(PROVIDED RECORDS begins)

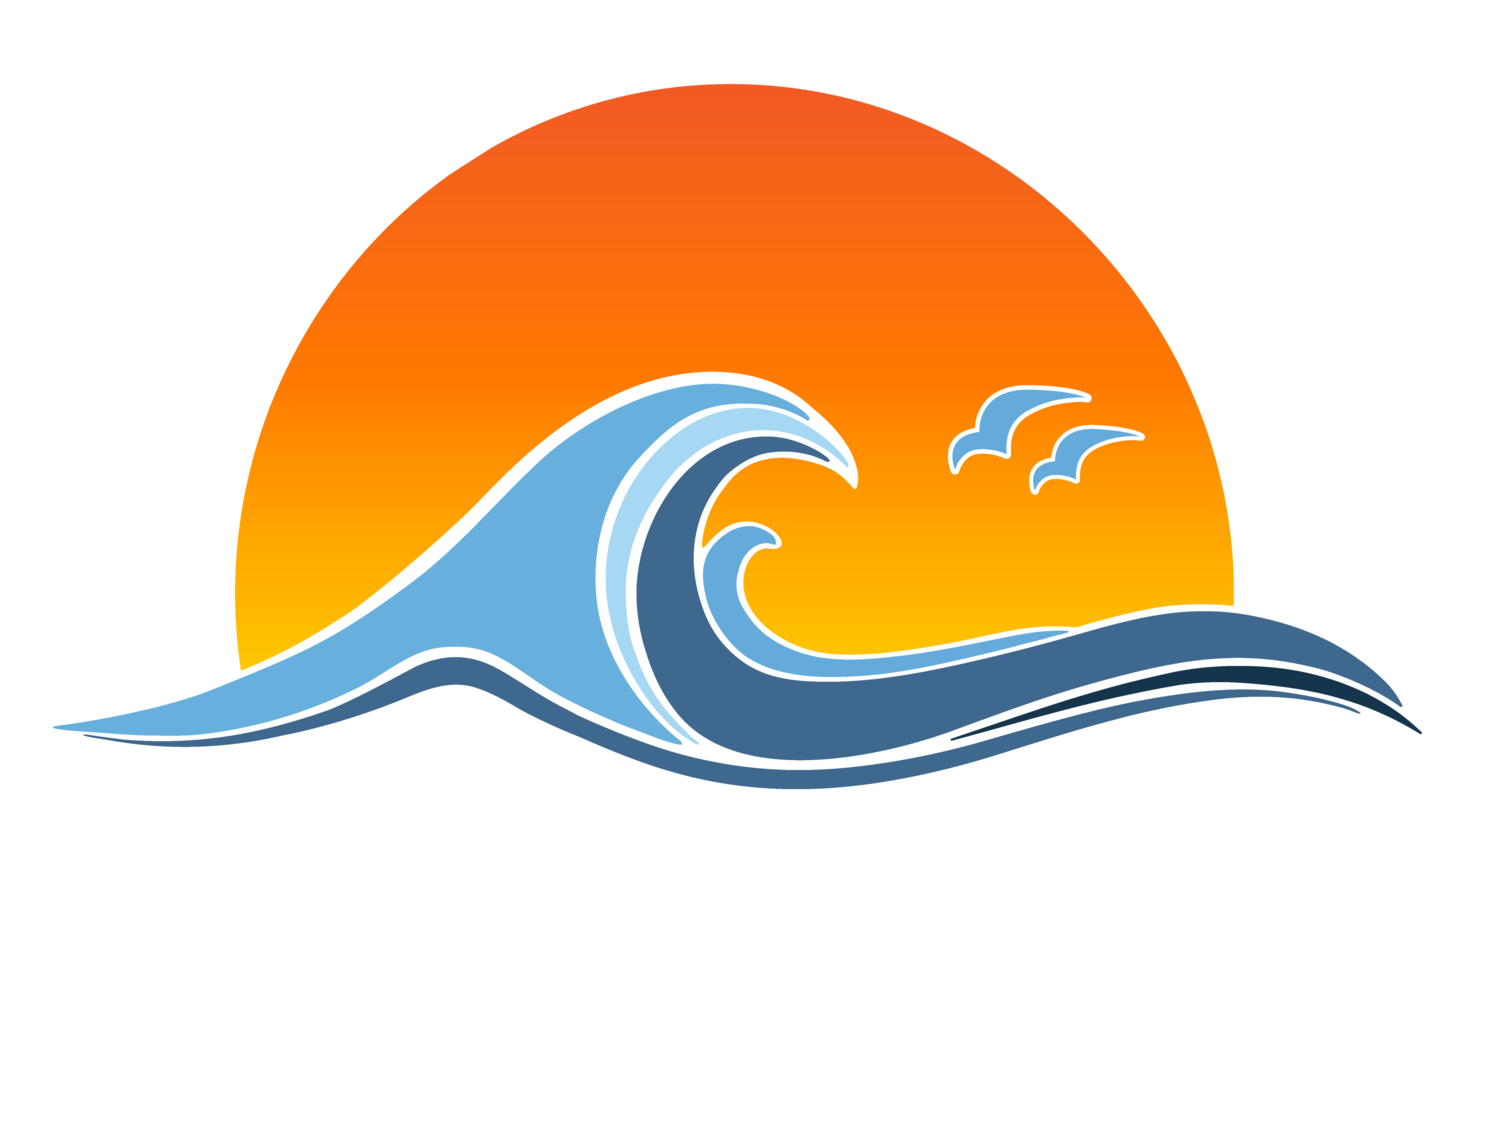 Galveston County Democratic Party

(PROVIDED RECORDS ends)
(PROVIDED RECORDS begins)

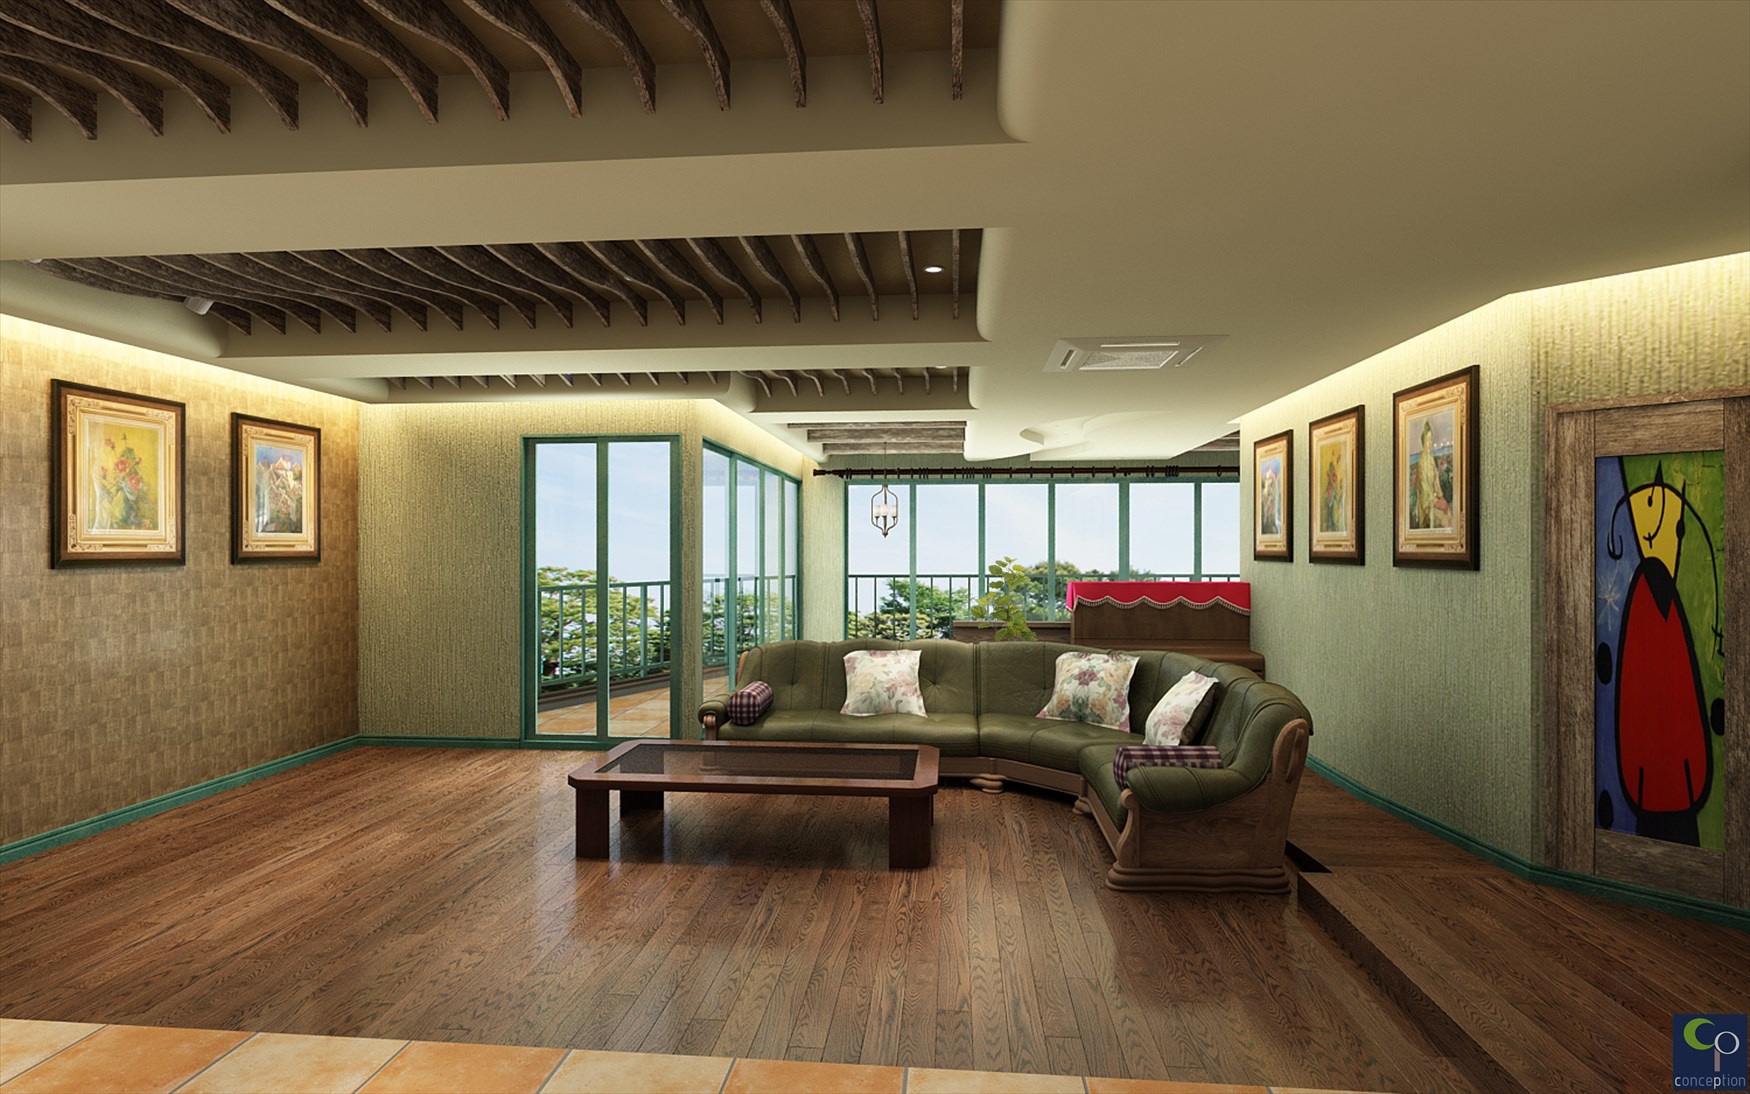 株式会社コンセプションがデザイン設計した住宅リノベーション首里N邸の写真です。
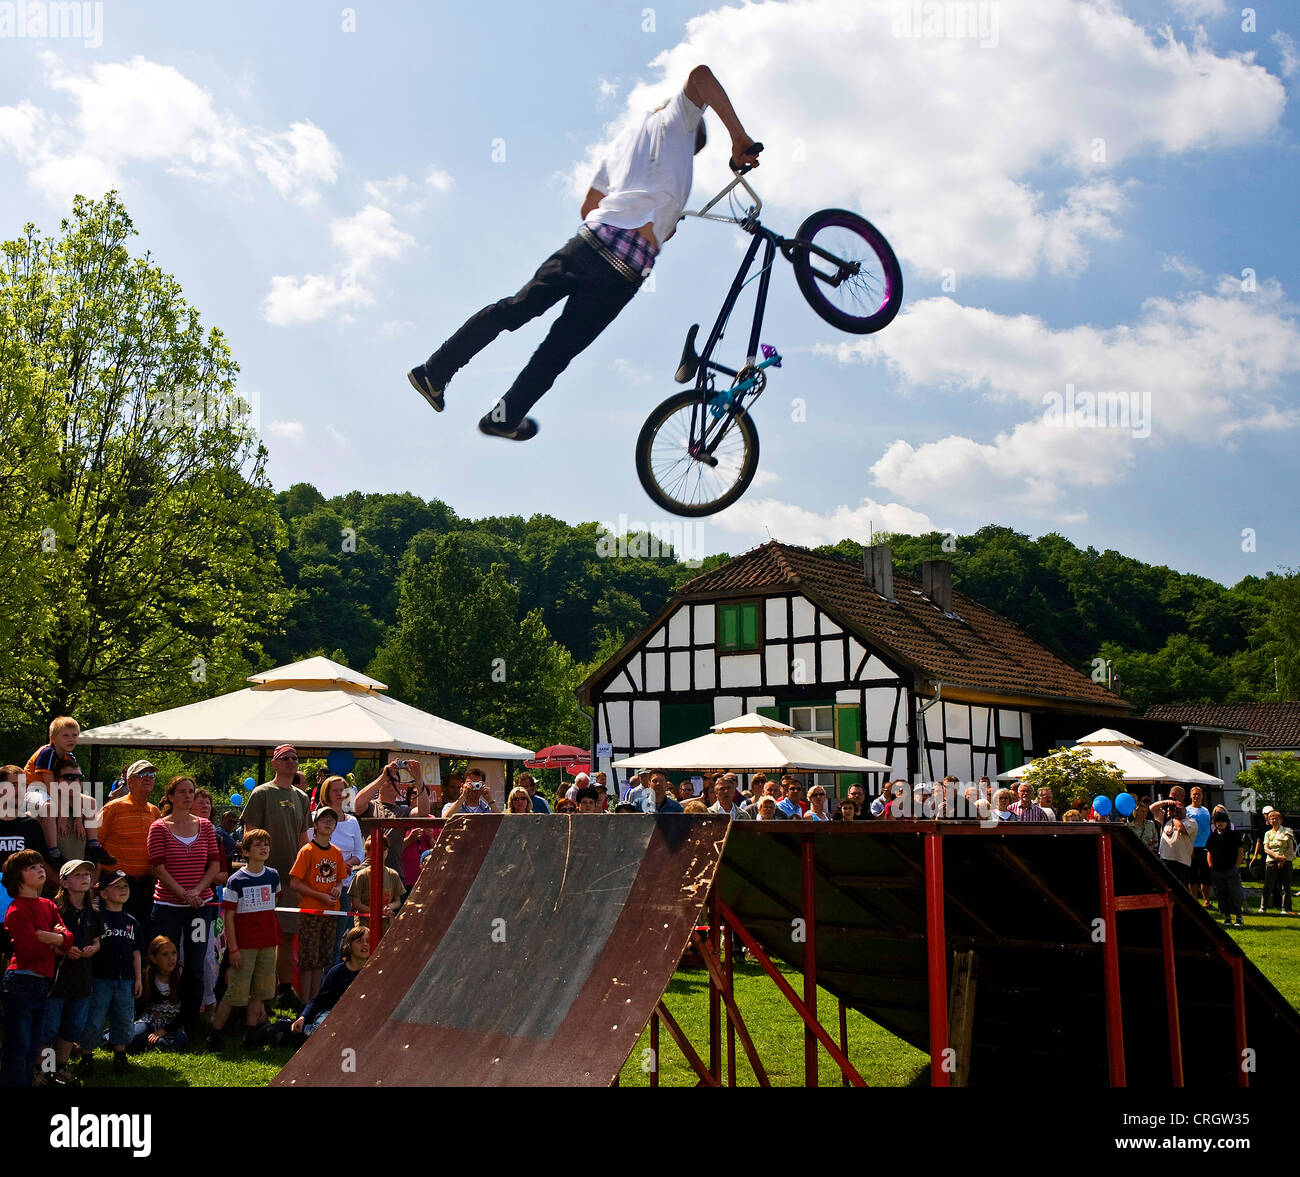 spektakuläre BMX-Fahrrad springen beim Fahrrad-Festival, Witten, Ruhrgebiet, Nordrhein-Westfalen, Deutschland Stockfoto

(PROVIDED RECORDS ends)
(PROVIDED RECORDS begins)

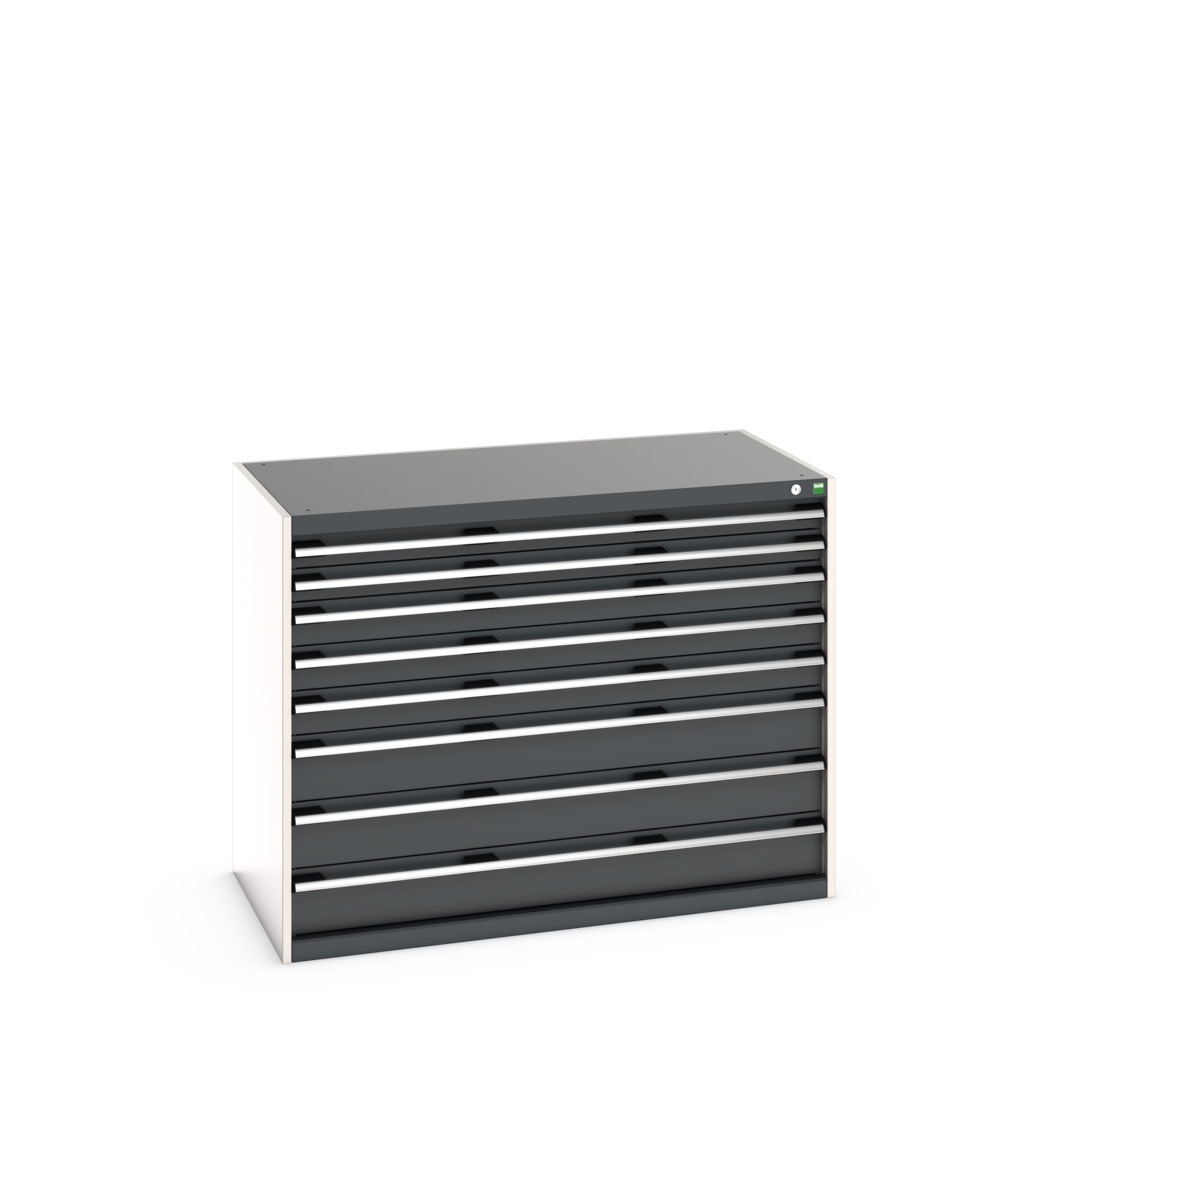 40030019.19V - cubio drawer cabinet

(PROVIDED RECORDS ends)

WHAT THIS TASK INVOLVES: Give the lines above again exactly, from the one containing "株式会社コンセプションがデザイン設計した住宅リノベーション首里N邸の写真です。" to the one containing "spektakuläre BMX-Fahrrad springen", both included, but leave out the pictures.

ANSWER SECTION:
 株式会社コンセプションがデザイン設計した住宅リノベーション首里N邸の写真です。
 spektakuläre BMX-Fahrrad springen beim Fahrrad-Festival, Witten, Ruhrgebiet, Nordrhein-Westfalen, Deutschland Stockfoto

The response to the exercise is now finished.